“I’m an indexer. I don’t care what the indexes did today!”
— Preet Banerjee (2014)
These words were spoken by a well known financial Media Maven Preet Banerjee , and in that quip he captured the essence of the Index’ing (and Couch Potato) investing method.
As an investor aren’t you supposed to watch the markets every single day, to make sure your investments are doing OK? I know people that do that, and I know people who get upset by the “moods of the markets”, my question is: why?
If you are that worried about your investments, and you feel you must be that “on top” of things, maybe you should not be investing in stocks ? If you are a day trader then yes, you should be on top of things (and NO you should not be a day trader, if you are asking me), but if you feel your investments are that “tenuous” then you really need to review your Savings plan, and maybe get out of securities?
The whole idea of Couch Potato investing (in my opinion) is you can check your portfolio once a quarter (every 3 months) or even once every 1/2 year and see if your portfolio is balanced, and if not, take corrective measures. I guess your only problem after that is figuring out what you can do with all that spare time? There are enough things in life to worry about, watching your investments daily simply makes you more tense.
How you rebalance your portfolio is up to you, you can add more funds and use that to get back to your goal distribution of funds, or you can “buy and sell” to rebalance the existing funds. No matter how you rebalance, that is about all you are doing with your investments.
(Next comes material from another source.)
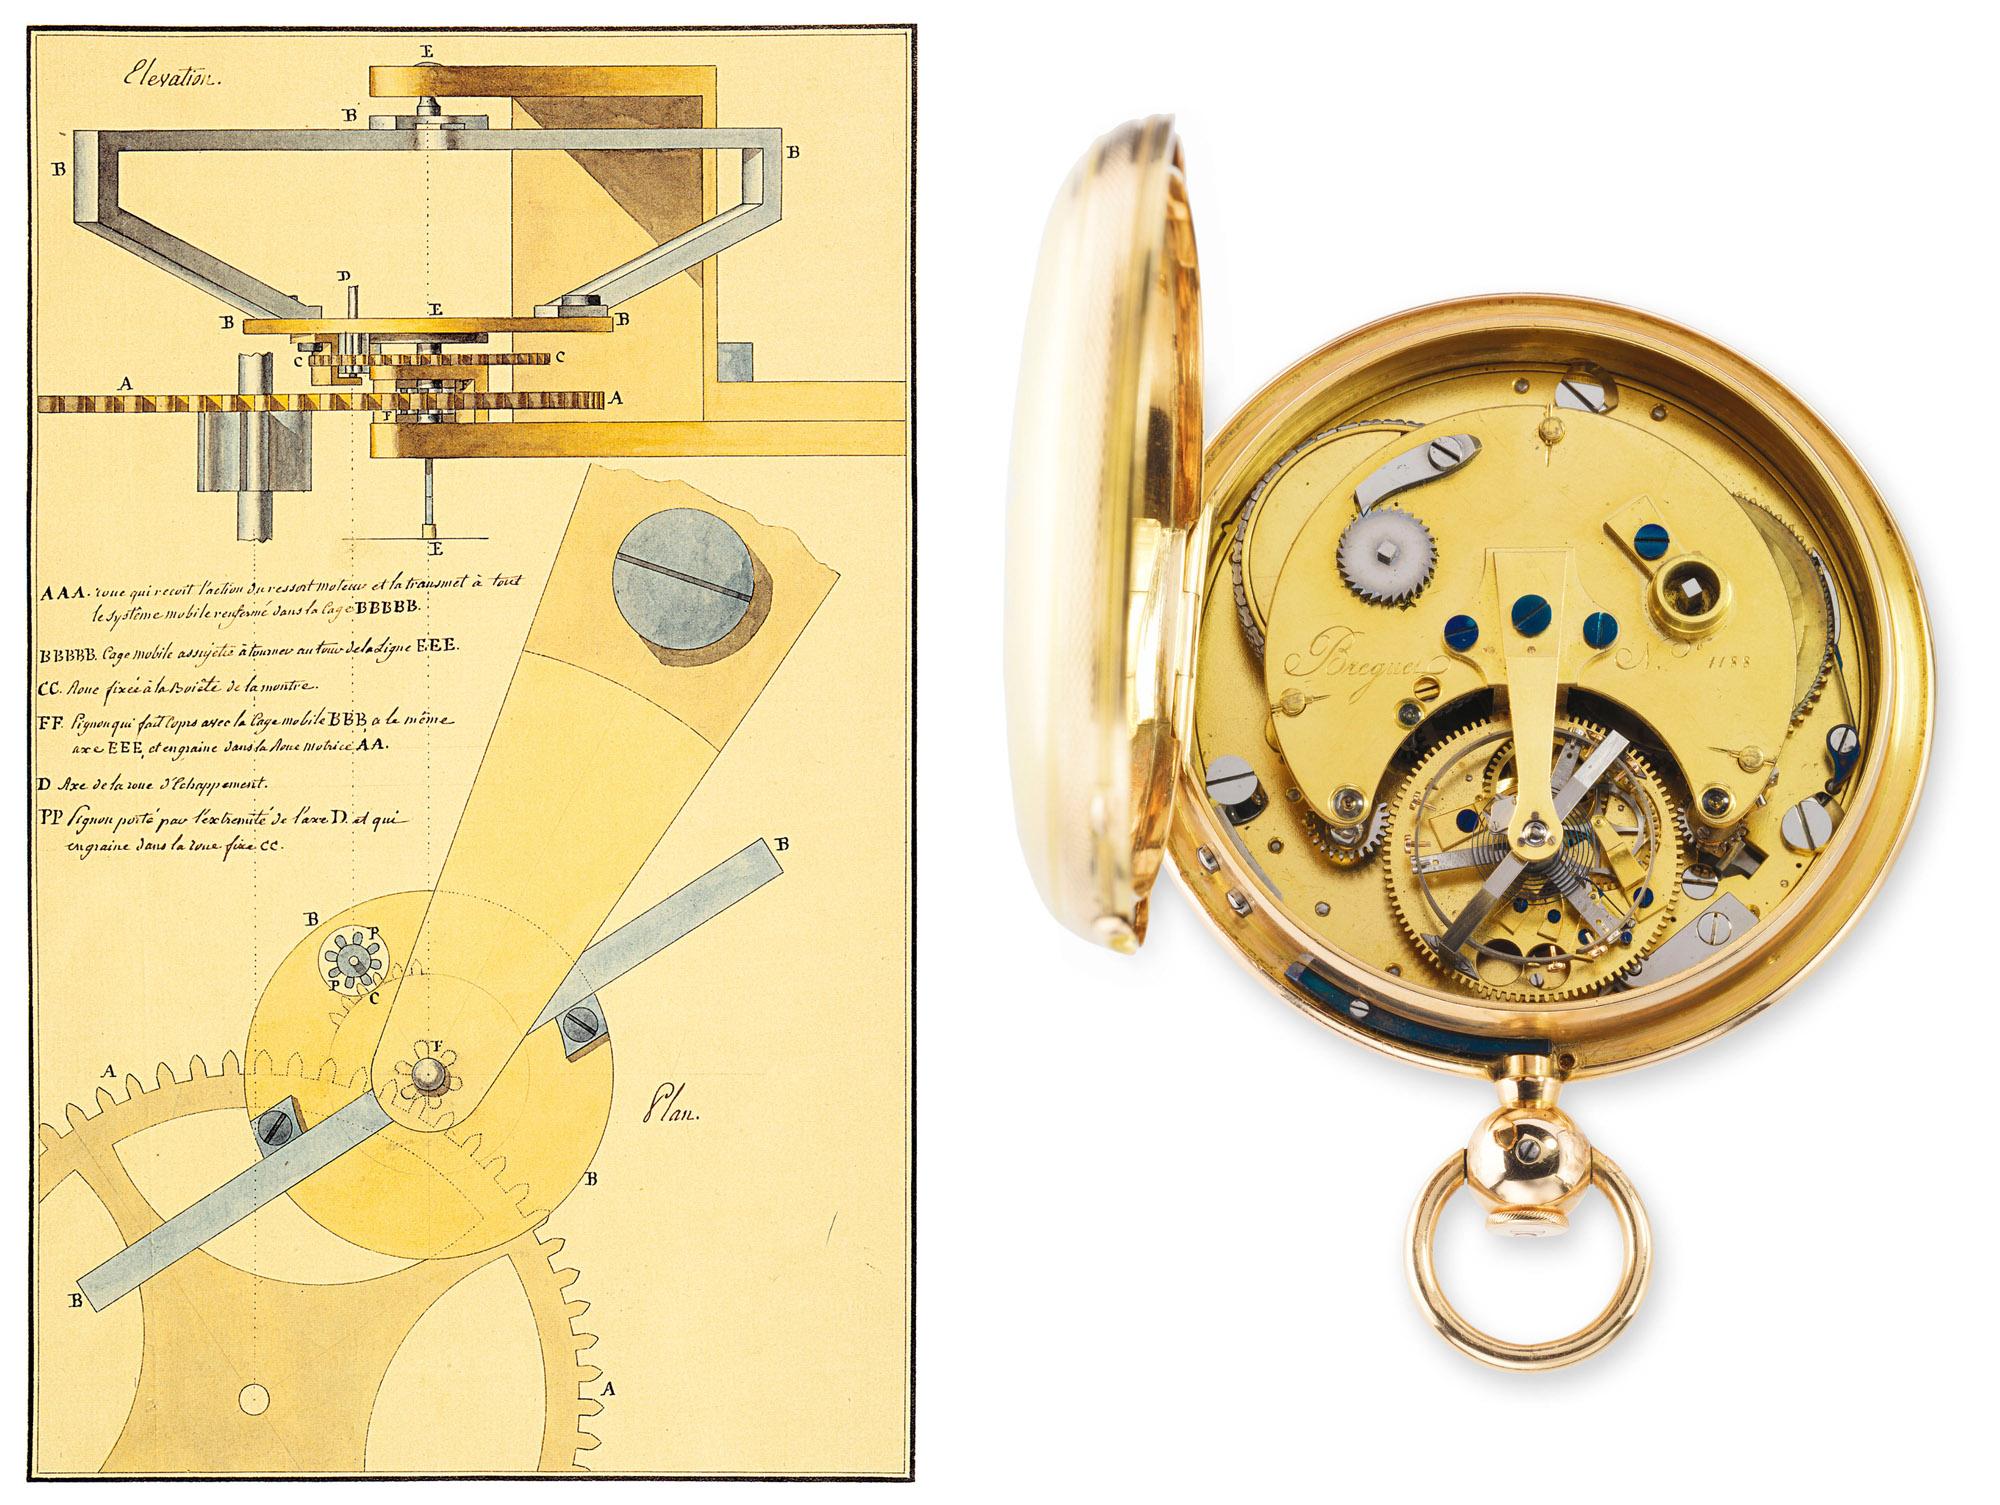 Breguet Pocket Watch Tourbillon No. 1188 patent application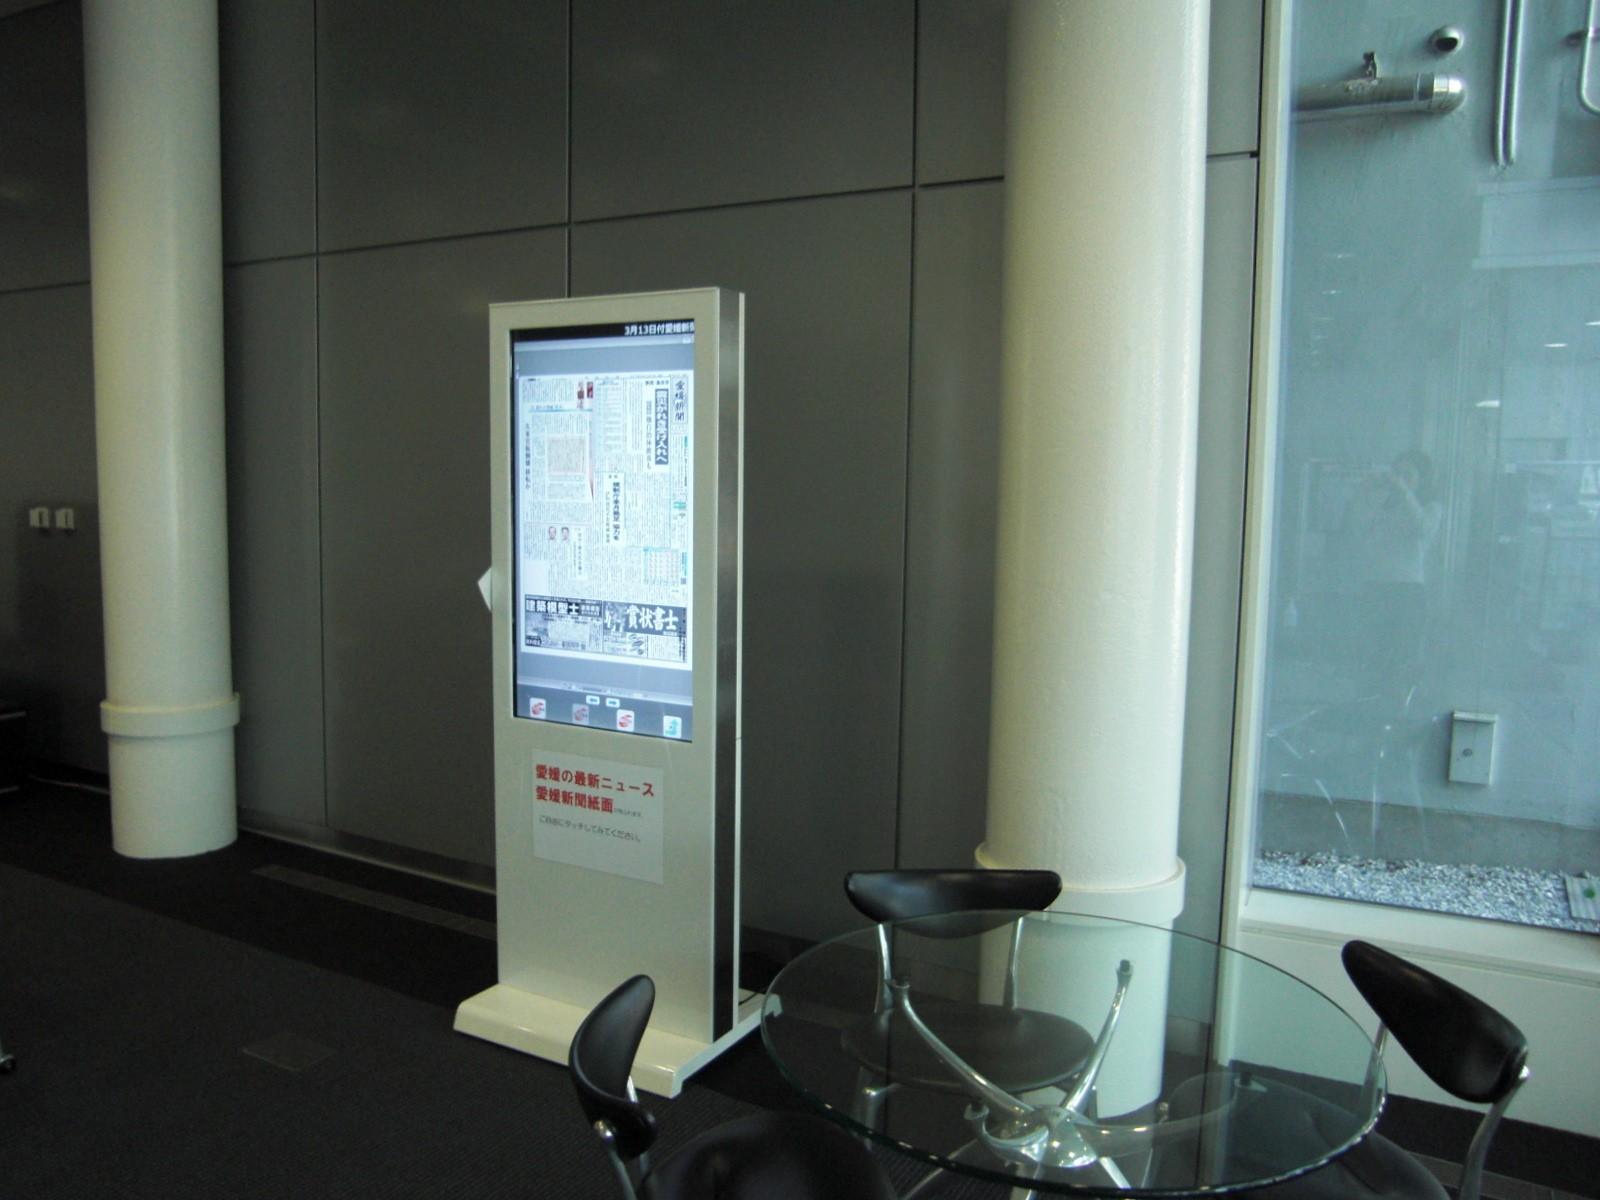 設置事例 デジタルサイネージ 46インチ タッチパネルスタンドタイプ 新聞社設置 事例

What if the markets crash? Not much to do about it, better to not look then especially! Market corrections happen, as with most investing strategies, attempting to dodge a market correction is a tricky dance, and most “market timing” strategies will fail in the long run (in my opinion, of course). I am sure there are folks who will sell you a great “market timing” strategy, and they are rich (selling the strategy, not the market timing). Still investigating the Fibonacci method for market timing, anything that has Fibonacci in it is fun to read (but NO I will not use it, I just like reading about strategies and attempt to debunk them).
For full disclosure, most of the folks who claim to be Index Fund Investors (or Couch Potatoes), typically are not solely invested in Index Funds (or ETFs), they will hold securities in single companies as well, or they might use Dividend Investing ideas as well. I will confess that even though I am mostly invested in Index Funds and Index Based ETFs I do hold a few stocks in a few of my portfolios. Why am I still holding these stocks? Mostly they keep performing well, and pay nice dividends, I have expunged a few Single stocks from my RRSPs (Power Corp, to name one), but I hold onto my other Single Stock darlings mostly because I can’t seem to convince myself to sell them (and simply buy more Index Funds). Am I a hypocrite? If hypocrite is “Do as I say, not as I do”, then yes, I am an Index Fund Hypocrite, or maybe a Couch Yam?